We have released version 0.4 of IDPS-ESCAPE on GitHub.

Risk-aware Anomaly Detection-based Automated Response
The IDPS-ESCAPE team is excited to announce a major update to the RADAR subsystem, delivering new SOAR capabilities for automated threat detection and response in modern Security Operations Centers (SOCs).
This release introduces three new RADAR detection scenarios:
- Suspicious Login Detection: Identifies anomalous login behavior, such as access from unusual locations or times.
- DDoS Detection: Monitors for traffic spikes indicative of Distributed Denial-of-Service attacks.
- C2 Malware Communication: Flags covert traffic patterns linked to command-and-control servers.
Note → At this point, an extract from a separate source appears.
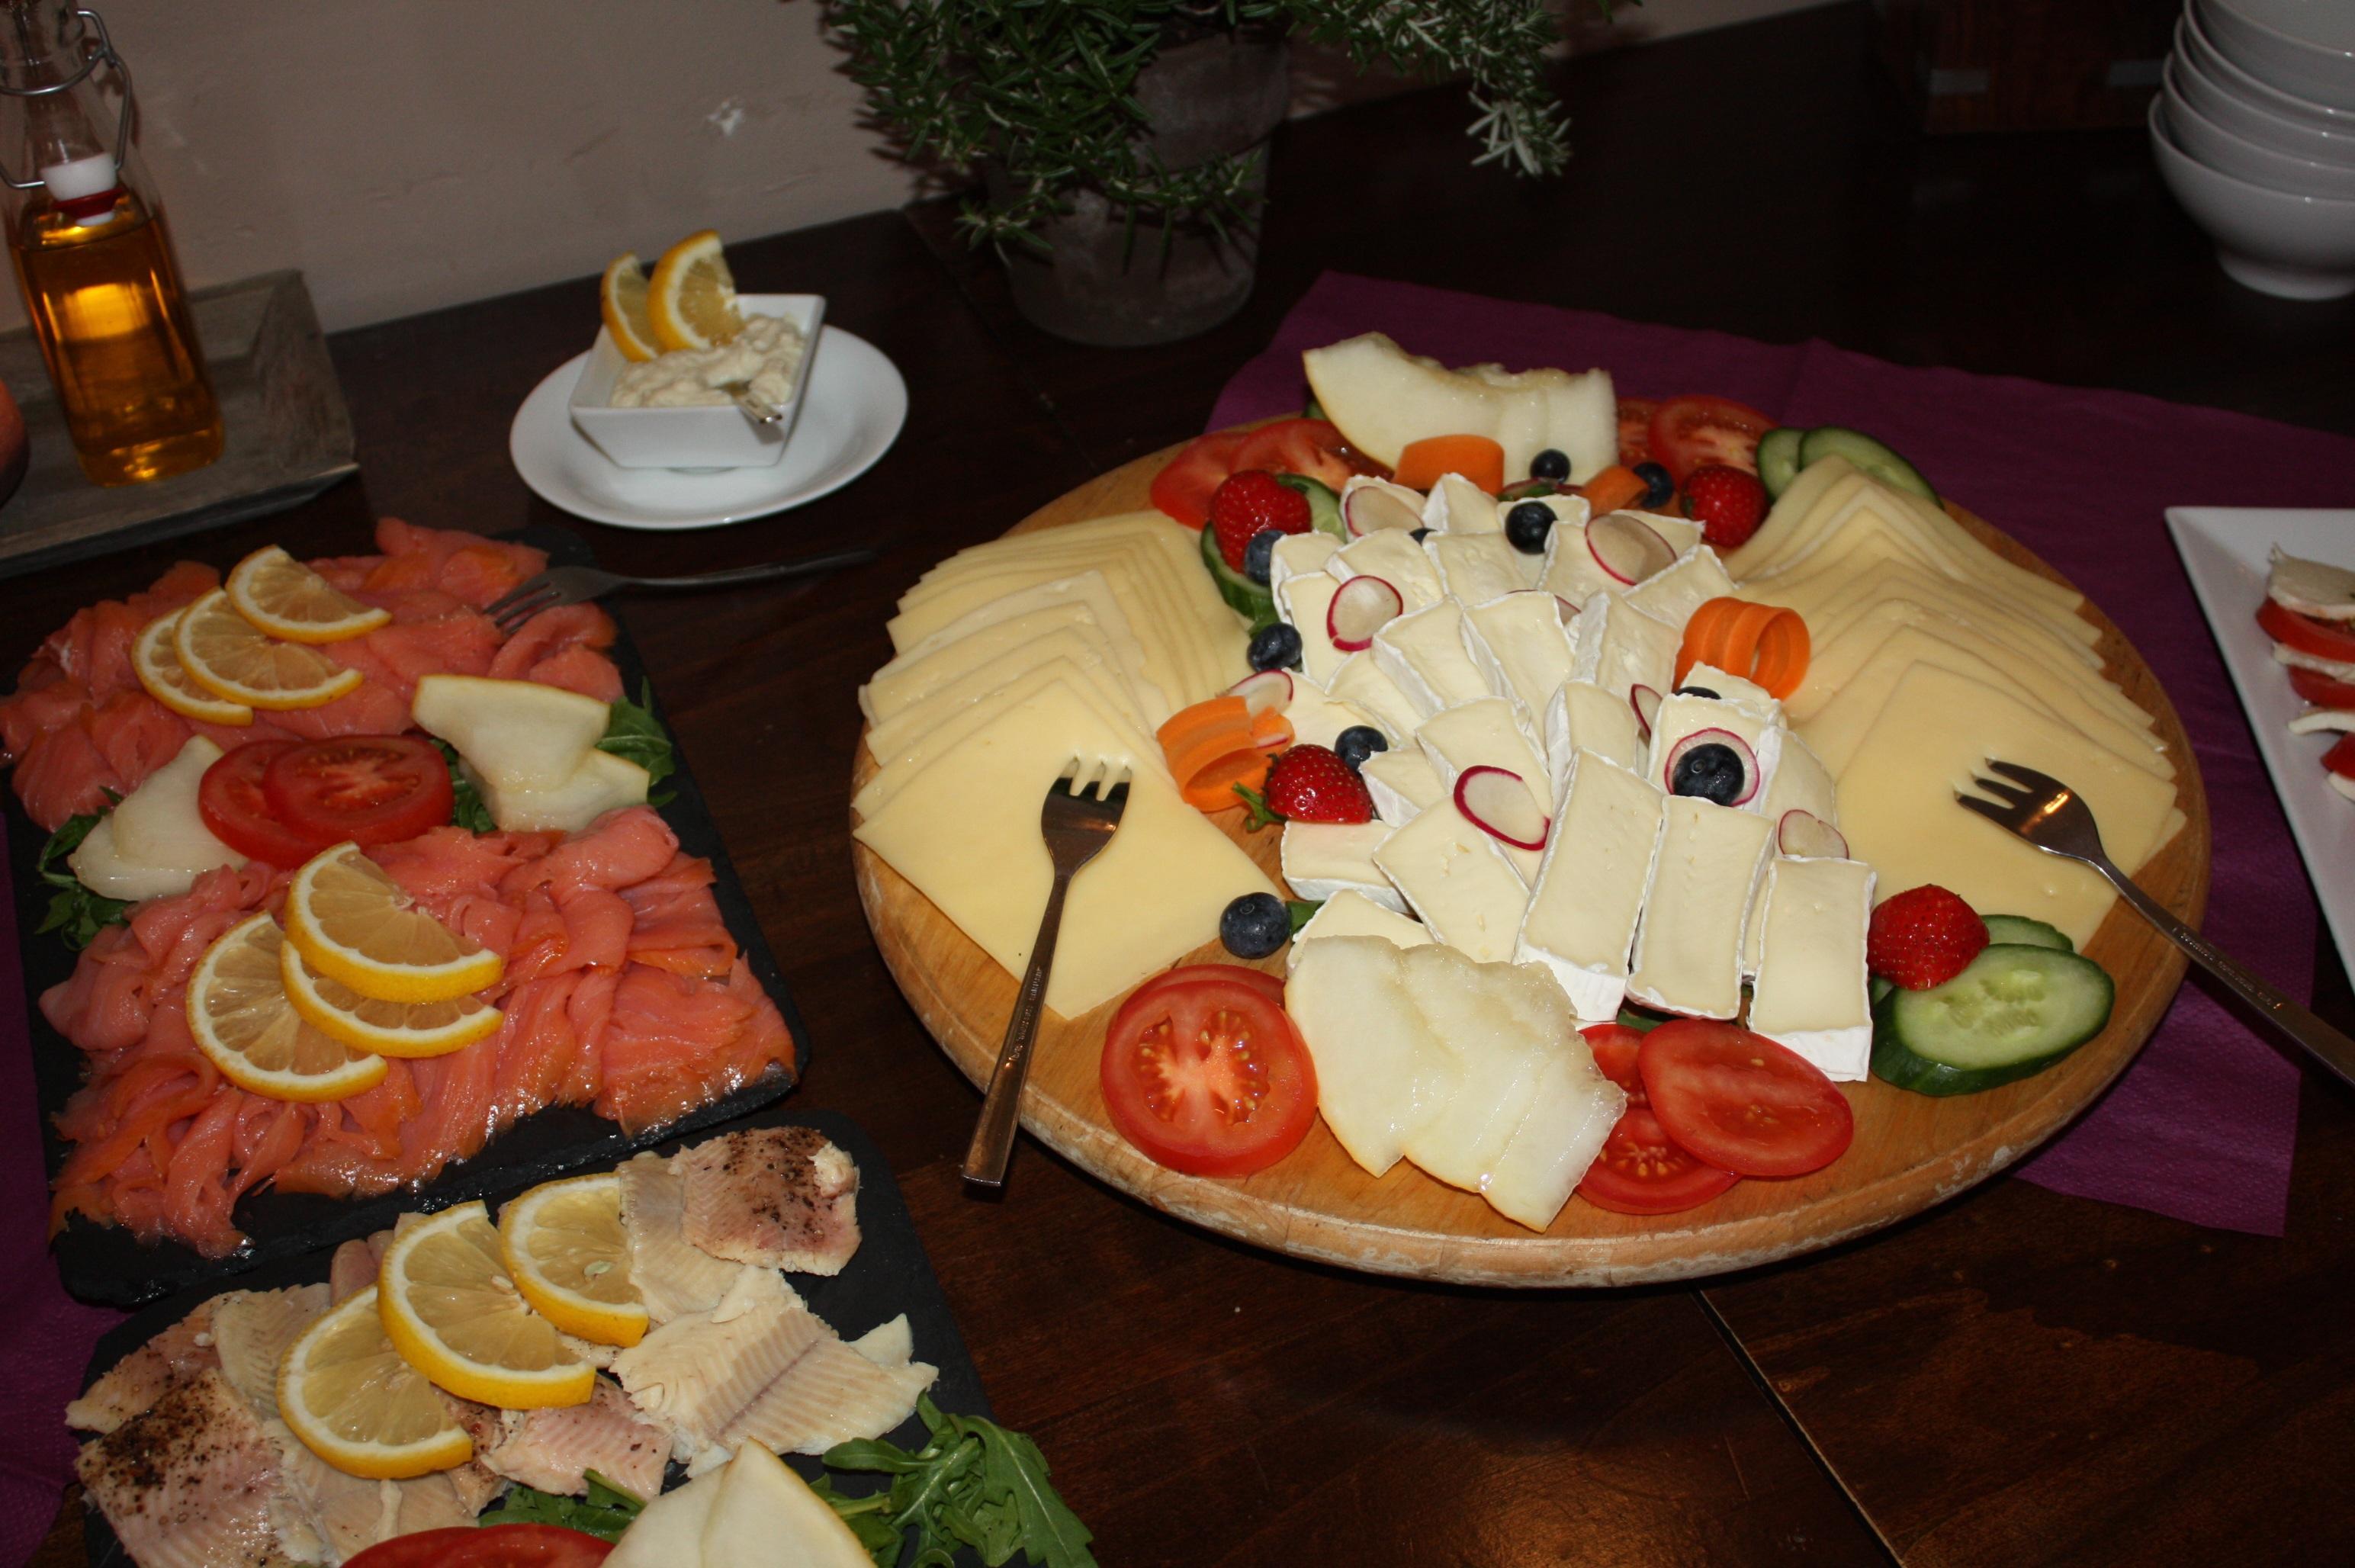 Super Images Gratuites : restaurant, plat, repas, aliments, cuisine  VD27

To support these scenarios, the update includes an automated RADAR Test Framework powered by Ansible. This framework streamlines deployment, attack simulation, data ingestion, and statistical evaluation—making it easier to test and validate detection strategies.
Also new:
- An Experiment Evaluation Module for computing precision, recall, and other performance metrics.
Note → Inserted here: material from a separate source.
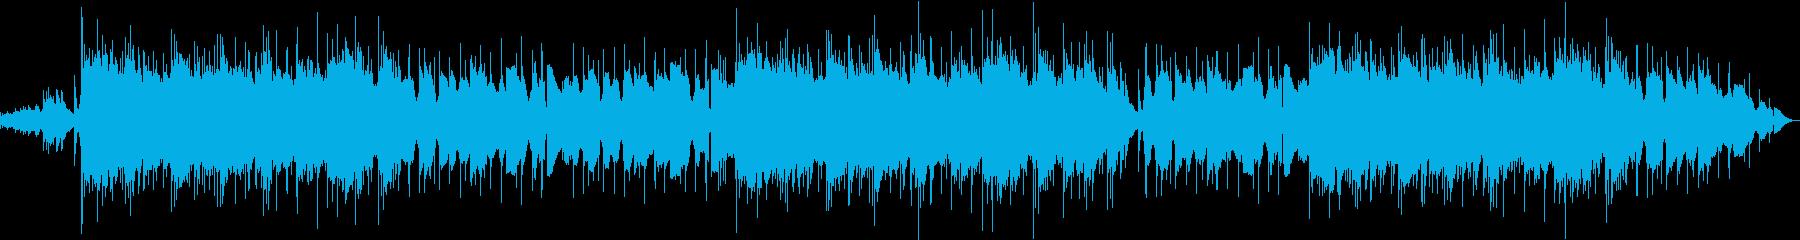 琉球風ローファイビート 三線 三味線の再生済みの波形

- Curated Datasets for benchmarking RADAR experiments.
- Infrastructure-as-Code (IaC) deployment scripts for Wazuh server and agents, enabling rapid and reproducible setup.
This release builds on the hybrid anomaly detection approach combining ADBox’s deep learning models with the Robust Random Cut Forest (RCF) algorithm via OpenSearch, offering resilience against adversarial interference and false positives.
Explore the full release and documentation on GitHub.
Roadmap
- Adding new reusable RADAR and ADBox use case scenarios;
- Hybridizing RADAR scenarios: AD + signature-based detection;
- Combining classical AD with deep learning, in our case: RRCF + MTAD-GAT;
- SATRAP engine integration for advanced real-time CTI on a system security graph combined with world CTI;
- OpenTRICK asset dependency conversion to a SATRAP system security graph;
- OpenTide integration;
- Interconnecting ADBox and RADAR;
- ADBox: add support for categorical features;
- ADBox: add automatic (online) retraining (policy-based, e.g. schedule, custom criteria, etc.);
- Stabilizing the current implementation and improving its resilience/fault tolerance, especially when it comes to dealing with missing and ill-formed raw data.